Congress leader Rahul Gandhi has levelled serious allegations against the BJP-led National Democratic Alliance (NDA), accusing it of manipulating the 2024 Maharashtra Assembly elections through a “five-step model” to rig the outcome.
Writing in an opinion piece for The Indian Express, Gandhi claimed the BJP orchestrated “industrial-scale rigging” and undermined constitutional bodies to secure its emphatic victory in the state. The NDA, comprising the Bharatiya Janata Party, the Eknath Shinde-led Shiv Sena and the Ajit Pawar faction of the Nationalist Congress Party (NCP), bagged 235 out of 288 seats. The BJP alone won 132 seats — the party’s best-ever tally in the state.
“I am not talking of small-scale cheating, but of industrial-scale rigging involving the capture of our national institutions,” Gandhi wrote.

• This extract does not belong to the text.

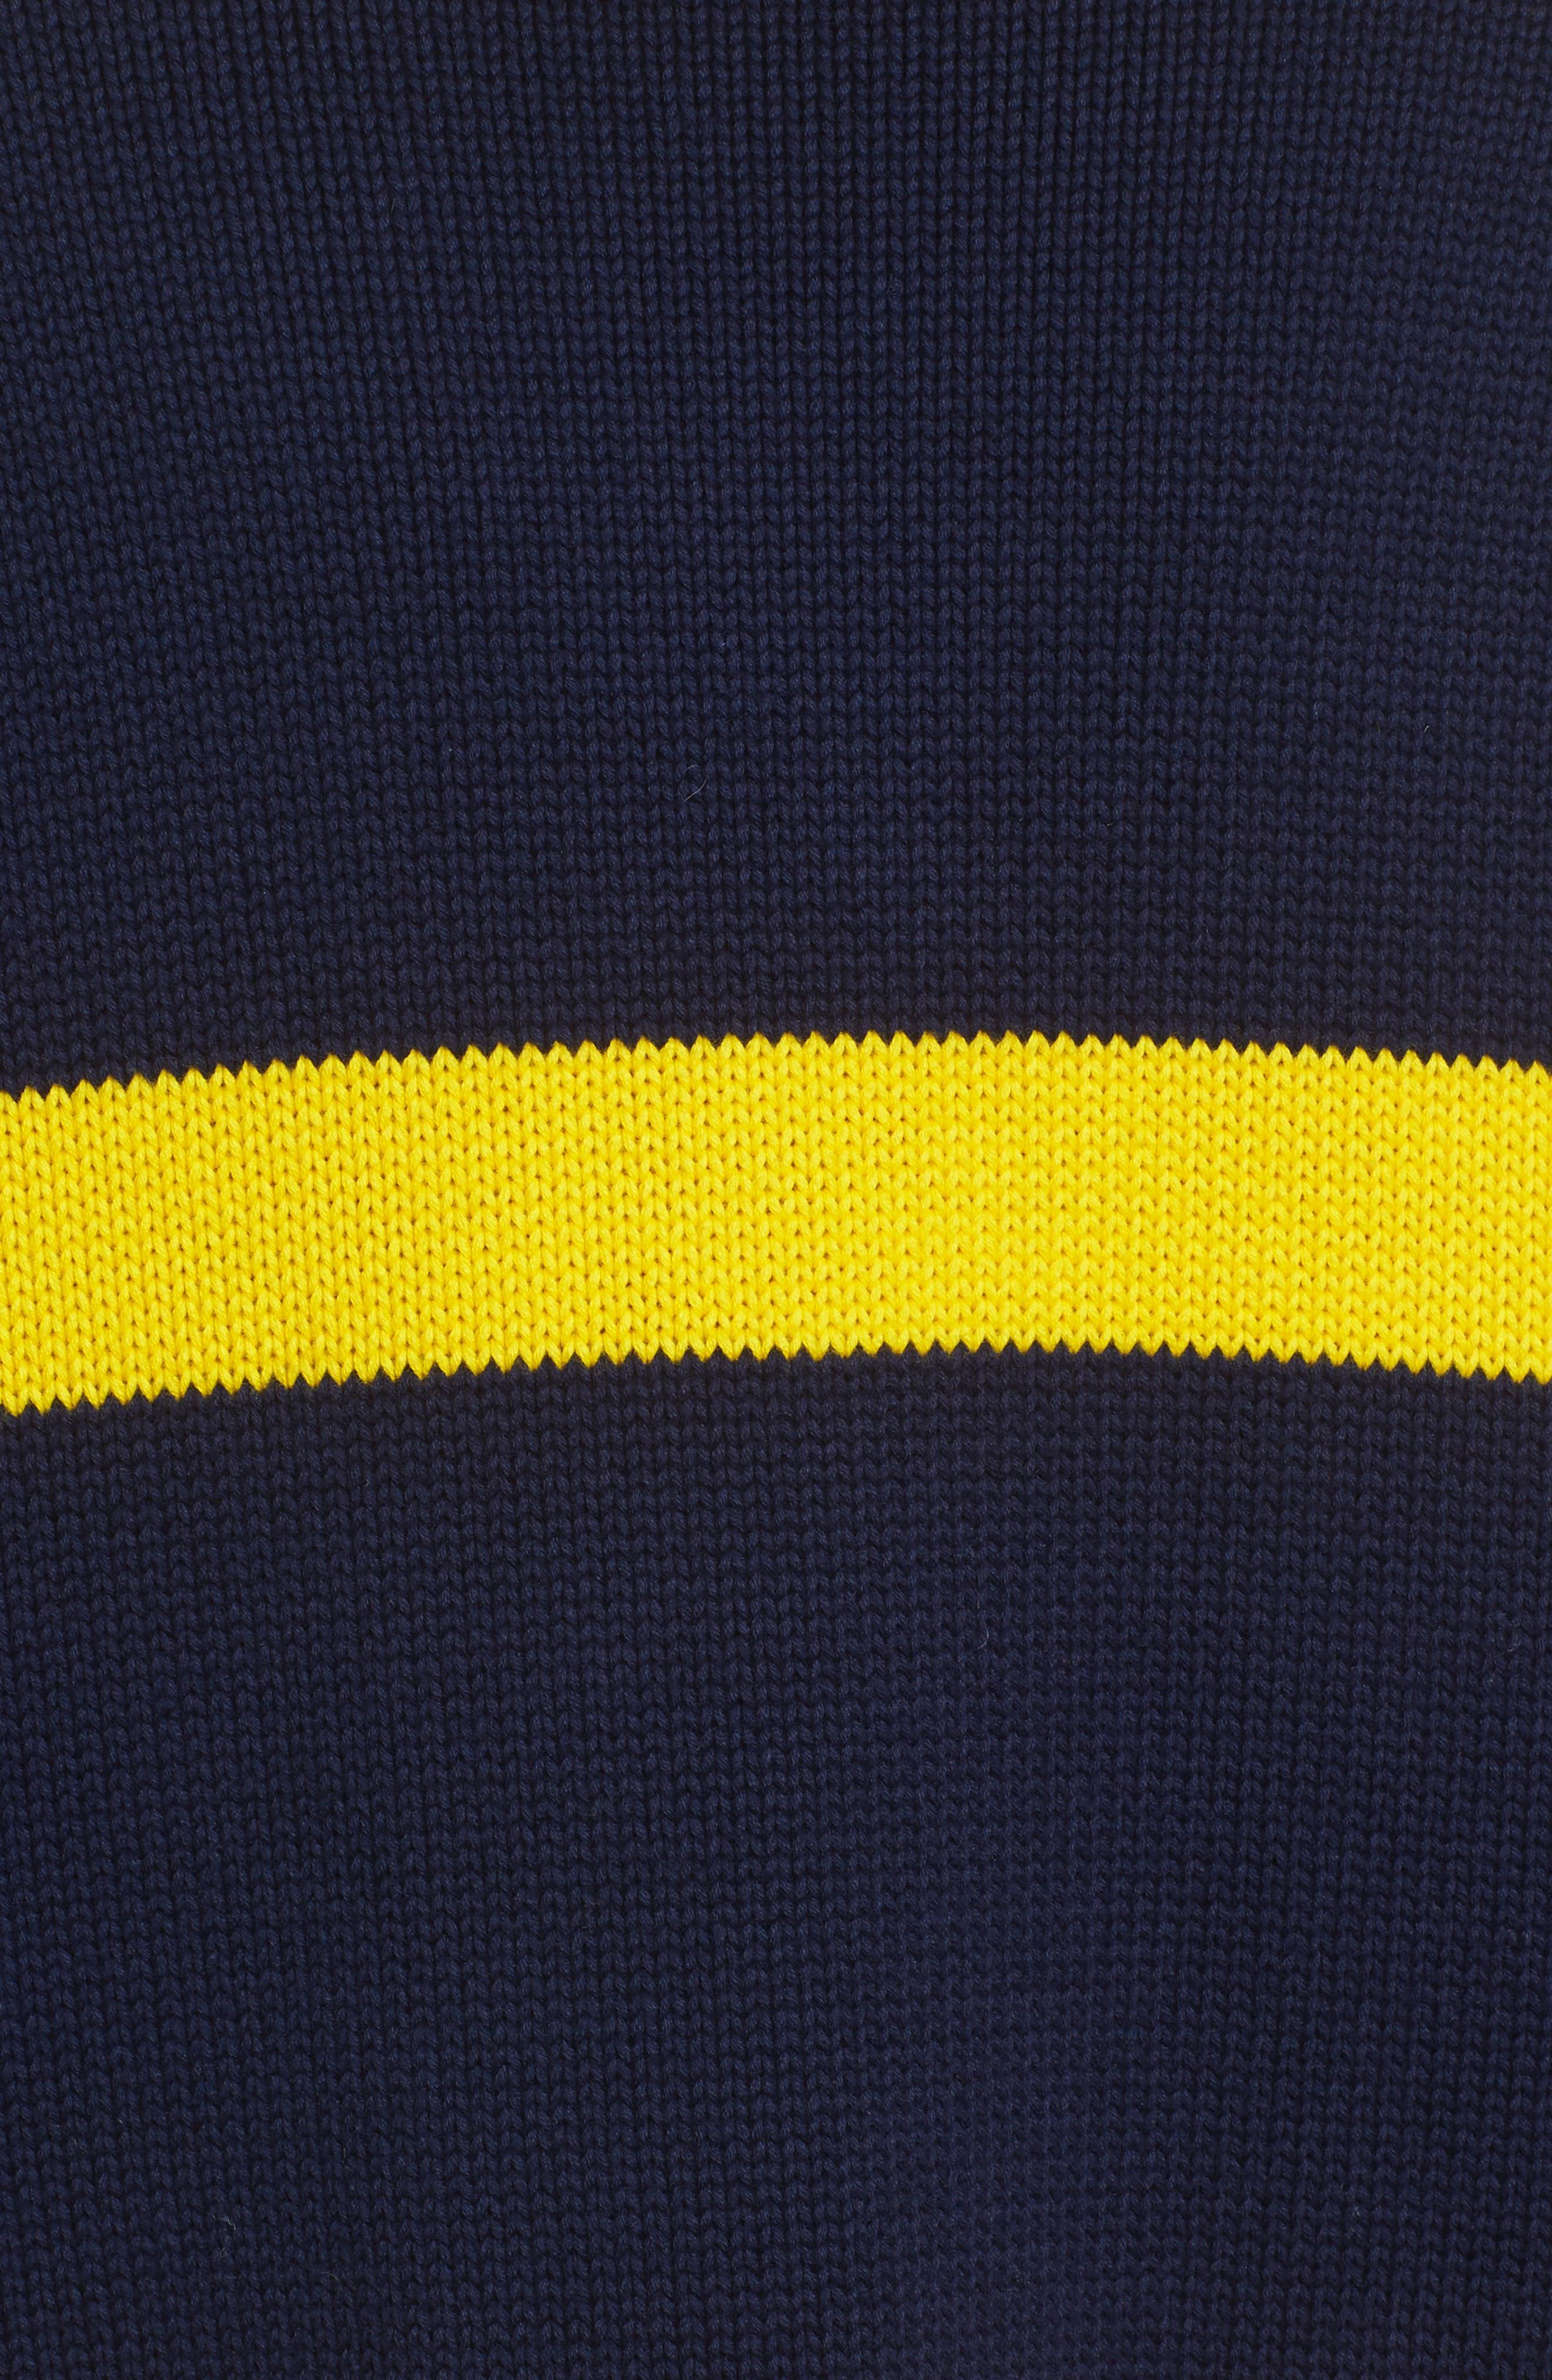 PUMA by Rihanna Longline Stripe Sweater,                             Alternate thumbnail 5, color,                             400

He elaborated a five-point strategy allegedly employed by the BJP:
“Step 1: Rig the panel for appointing the Election Commission,
Step 2: Add fake voters to the roll,
Step 3: Inflate voter turnout,
Step 4: Target the bogus voting exactly where BJP needs to win,
Step 5: Hide the evidence.”
Gandhi’s principal objection lies in the amendments introduced by the Centre in 2023 to the process of selecting Election Commissioners. The changes, brought about through the Election Commissioners Appointment Act, replaced the Chief Justice of India with a Union Minister on the selection panel.
"The decision to place a cabinet minister instead of the Chief Justice on the selection committee does not pass the smell test. Ask yourself, why would someone go out of their way to remove a neutral arbiter in an important institution? To ask the question is to know the answer," Gandhi wrote.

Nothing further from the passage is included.